There is no specific treatment for dracunculiasis. Instead, as the worm emerges the wound is soaked in wet bandages to “encourage” the worm to release its eggs into the bandages and away from any water source to prevent further cases. As the worm’s body emerges it can be gently wrapped around a piece of gauze, a pencil or a stick to prevent it going back in (yuck!!) and this allows steady pressure to be added to slowly coax the whole worm’s length out. This can take a very long time as the worm is so long; did I say over 1 metre long?! Note: It is important not to break the worm as this kills the worm, prevents it being removed, and causes really nasty localised reactions in the skin and soft tissue, as if having the worm was not enough already!
It really is an ancient disease.

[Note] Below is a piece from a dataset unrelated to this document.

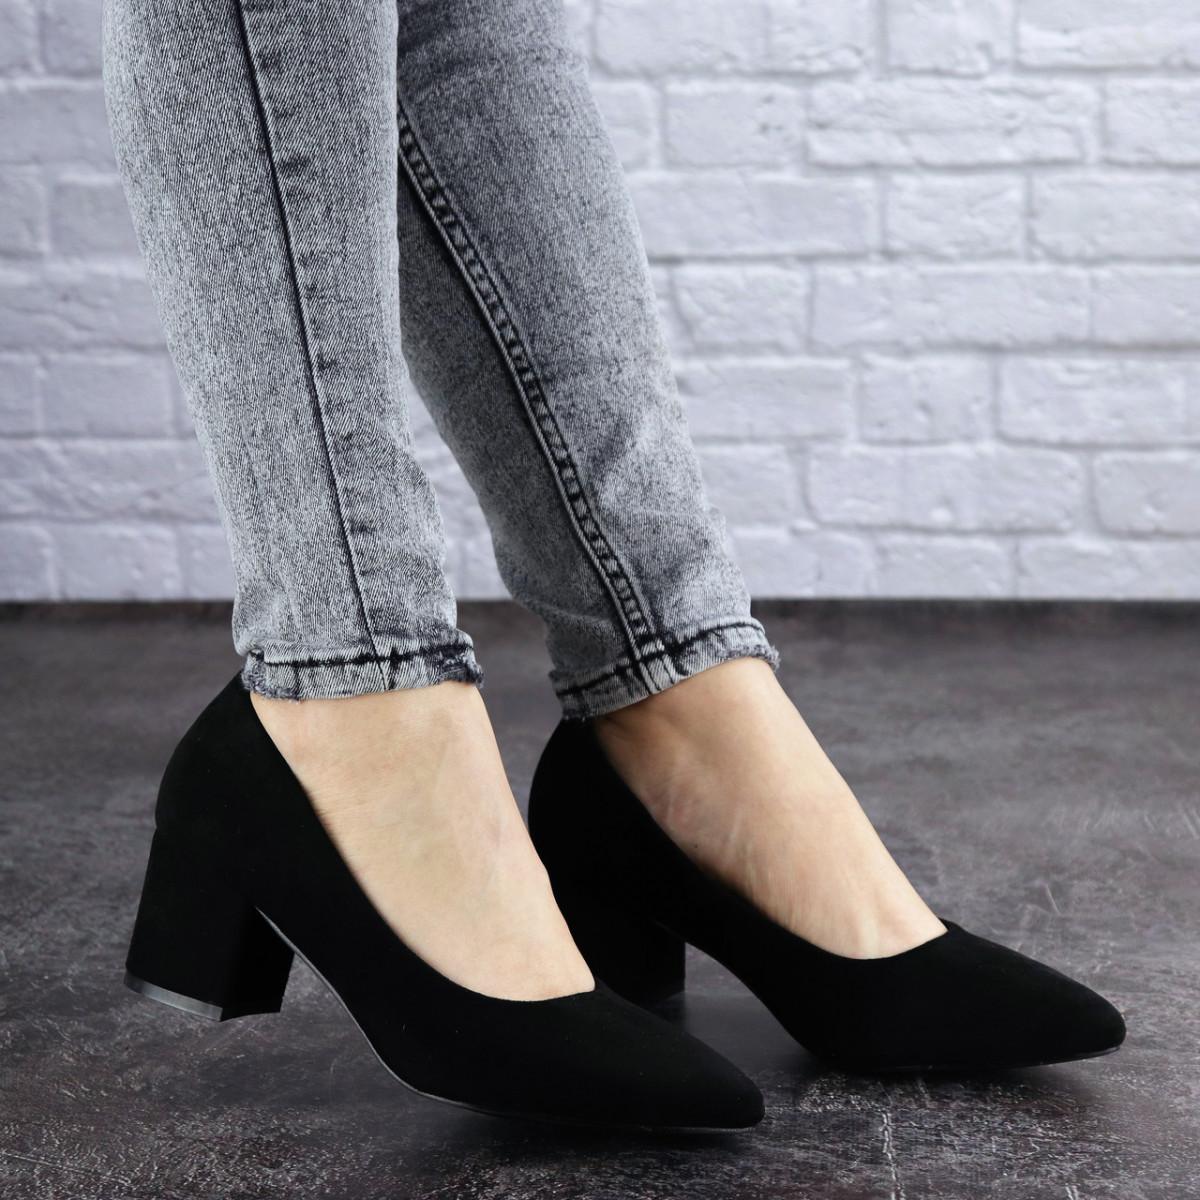 Жіночі туфлі на підборах Fashion Pebbles 2003 36 розмір 23 см Чорний

Fragments of Guinea worm have been found in 3,000-year-old Egyptian mummies and it has been written about in texts, from what is now Sudan, from 4,000 years ago. In fact, it has been suggested that the Rod of Asclepius (the symbol of medicine and even the adopted badge of the British Medical Association) may represent a Guinea worm being wrapped around a stick to draw it out of the skin… gotta love medical history... cool huh!
P.S. Apologies to all BMSs… but I have seen some of you dressed as convincing mummies at Halloween parties and it appears that some of you continue this “look” in the lab!! Only joking!!!!